-------- Data --------
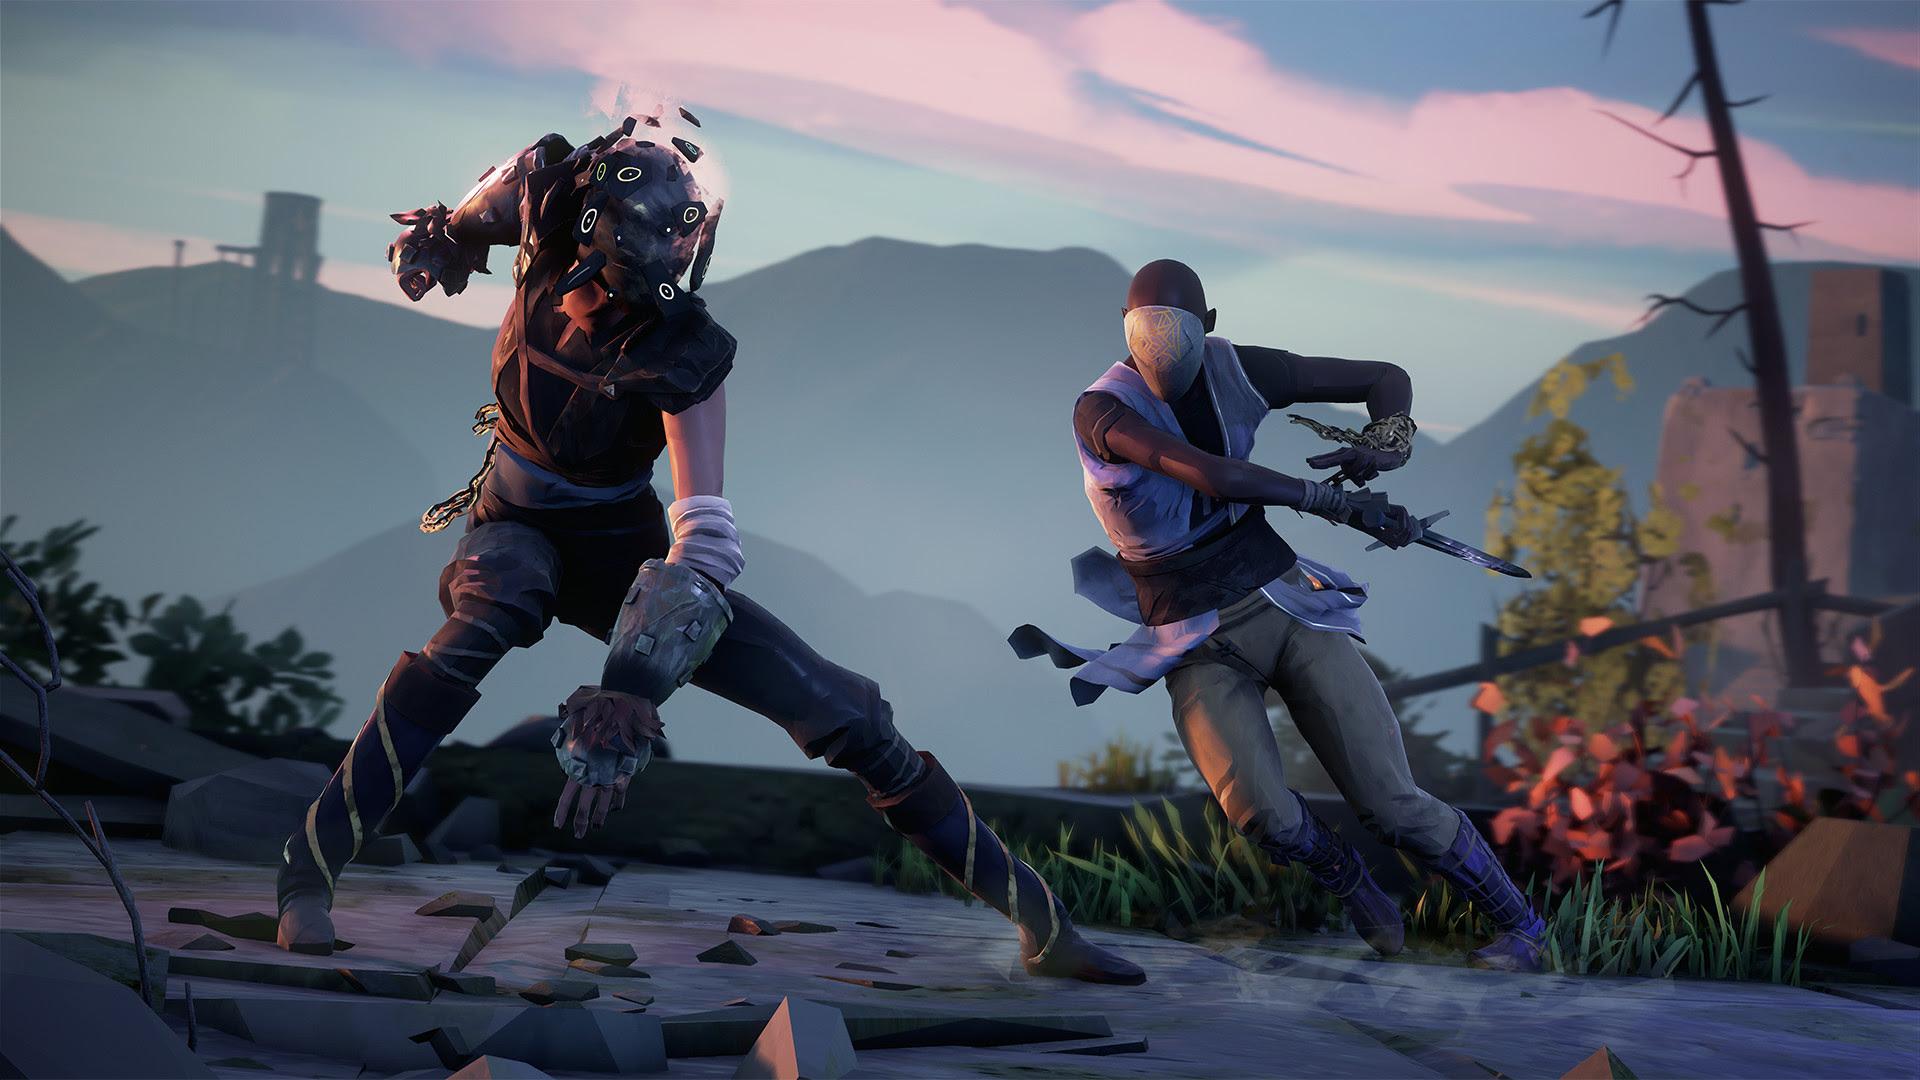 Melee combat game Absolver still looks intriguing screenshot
--------
-------- Data --------
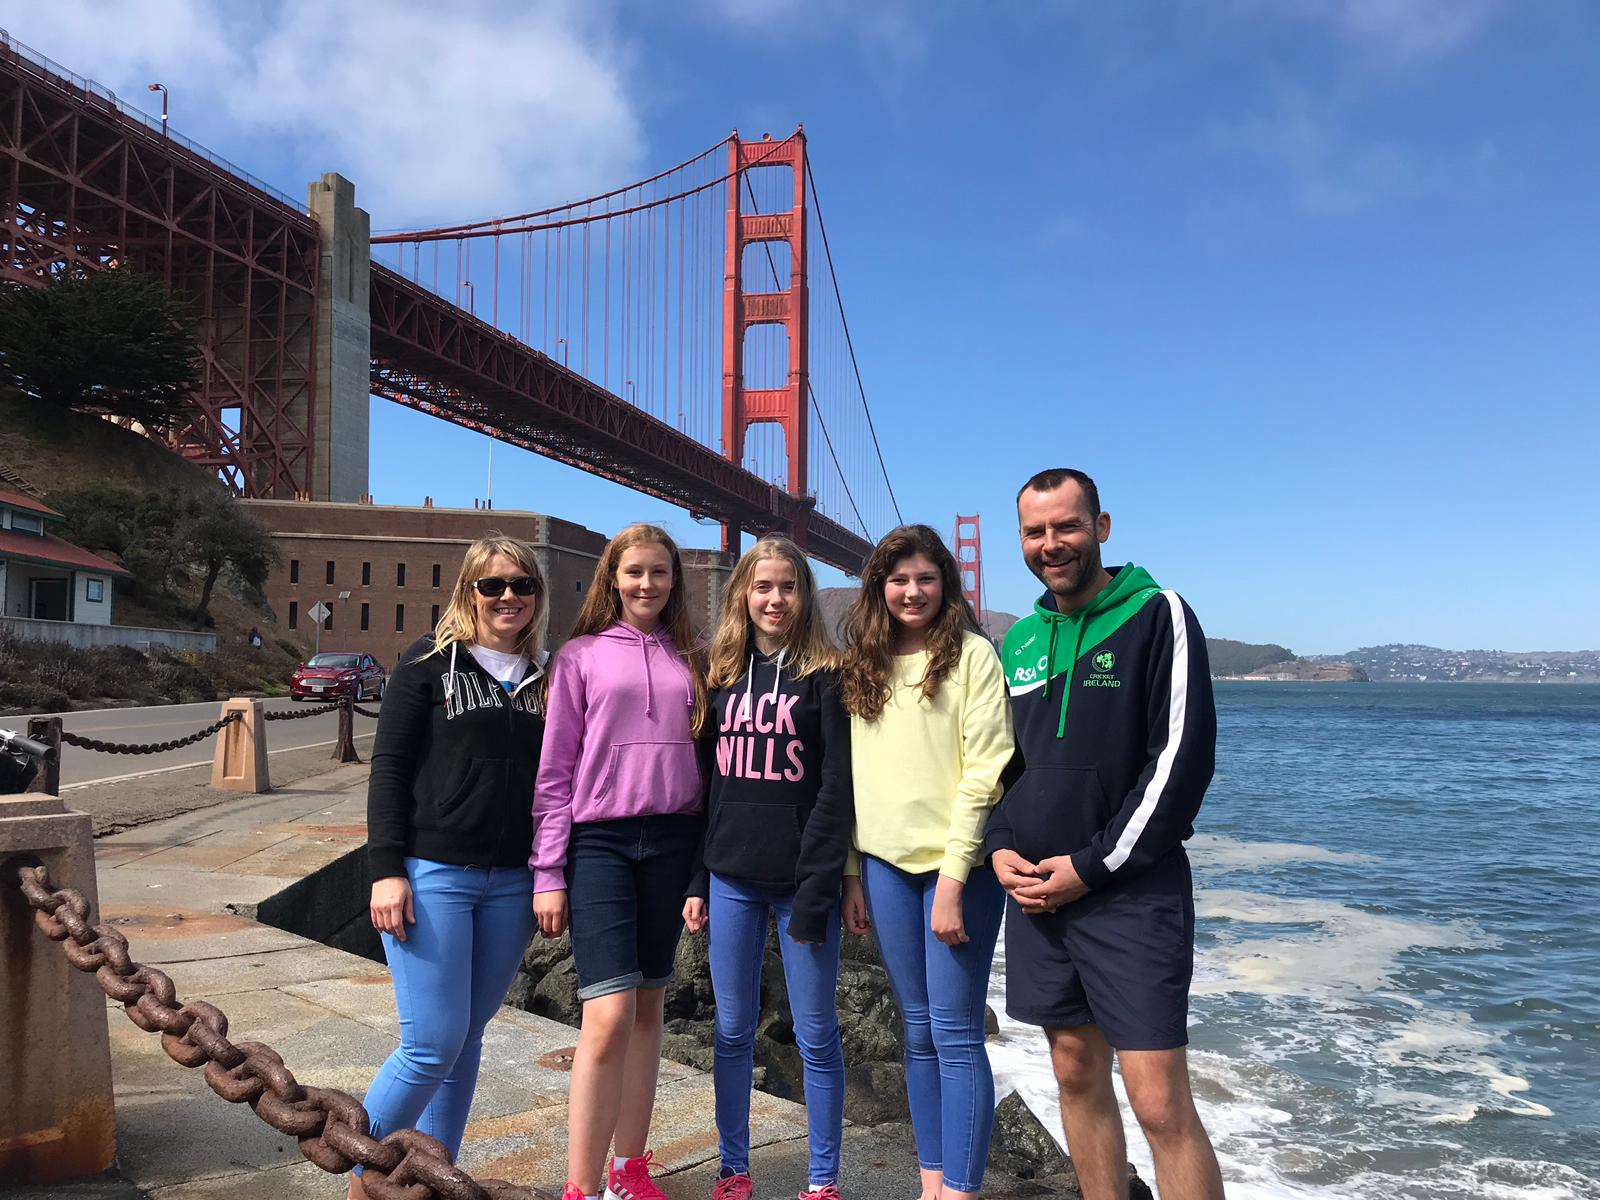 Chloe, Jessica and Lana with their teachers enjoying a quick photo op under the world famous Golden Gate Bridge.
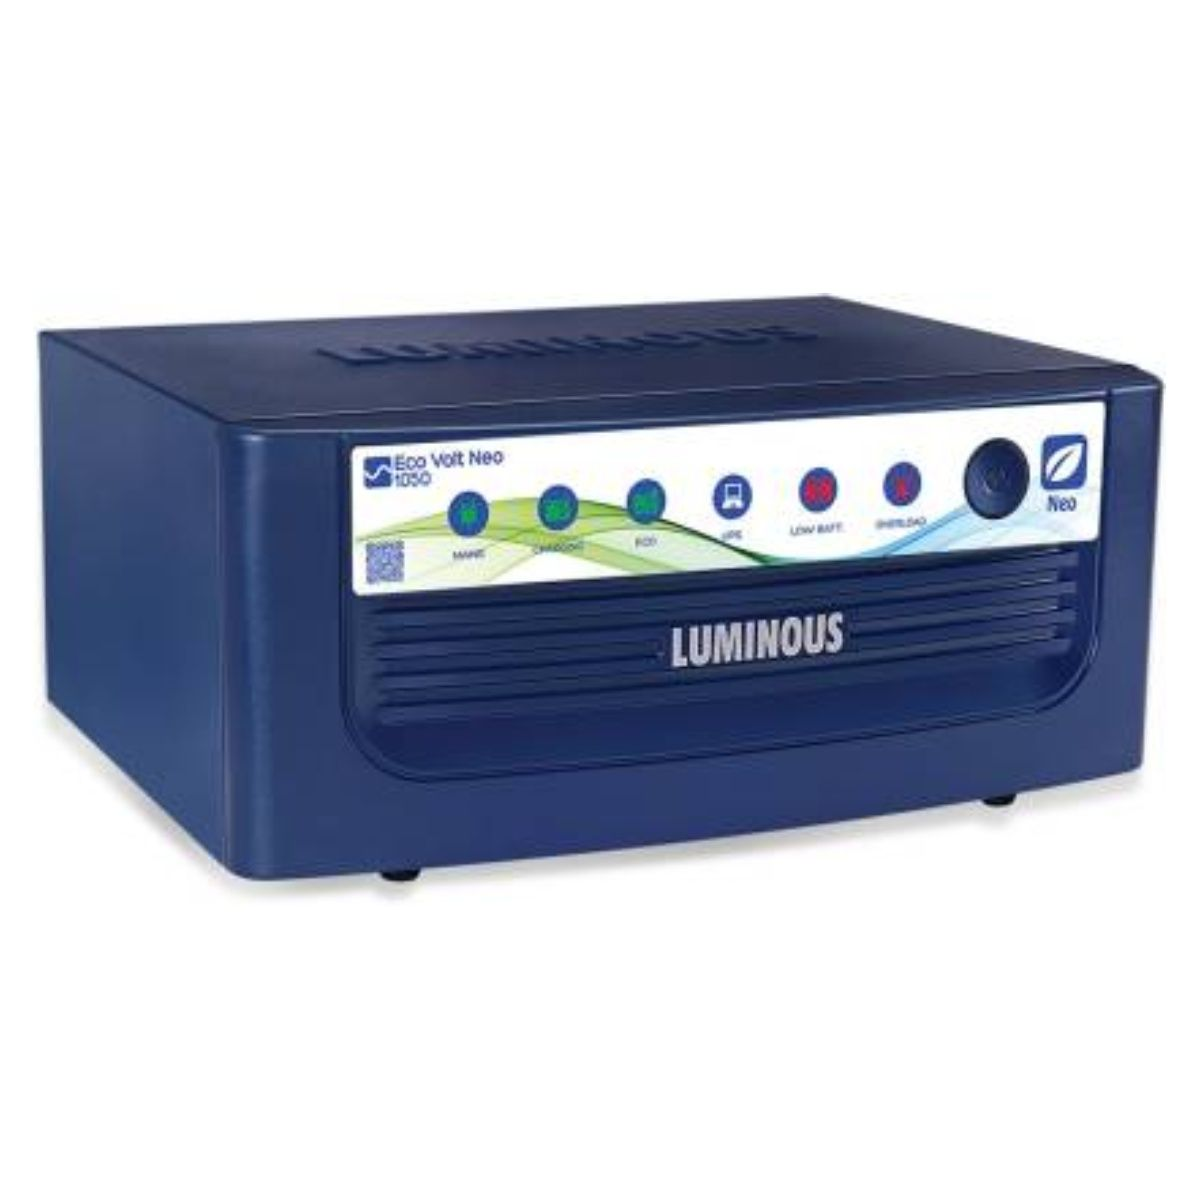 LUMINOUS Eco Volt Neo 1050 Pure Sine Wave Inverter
--------
Write back the stretch of lines above that begins with the line holding "Chloe, Jessica and" and ends with the line holding "LUMINOUS Eco Volt", both included, exactly as written. Pictures stay out.

 Chloe, Jessica and Lana with their teachers enjoying a quick photo op under the world famous Golden Gate Bridge.
 LUMINOUS Eco Volt Neo 1050 Pure Sine Wave Inverter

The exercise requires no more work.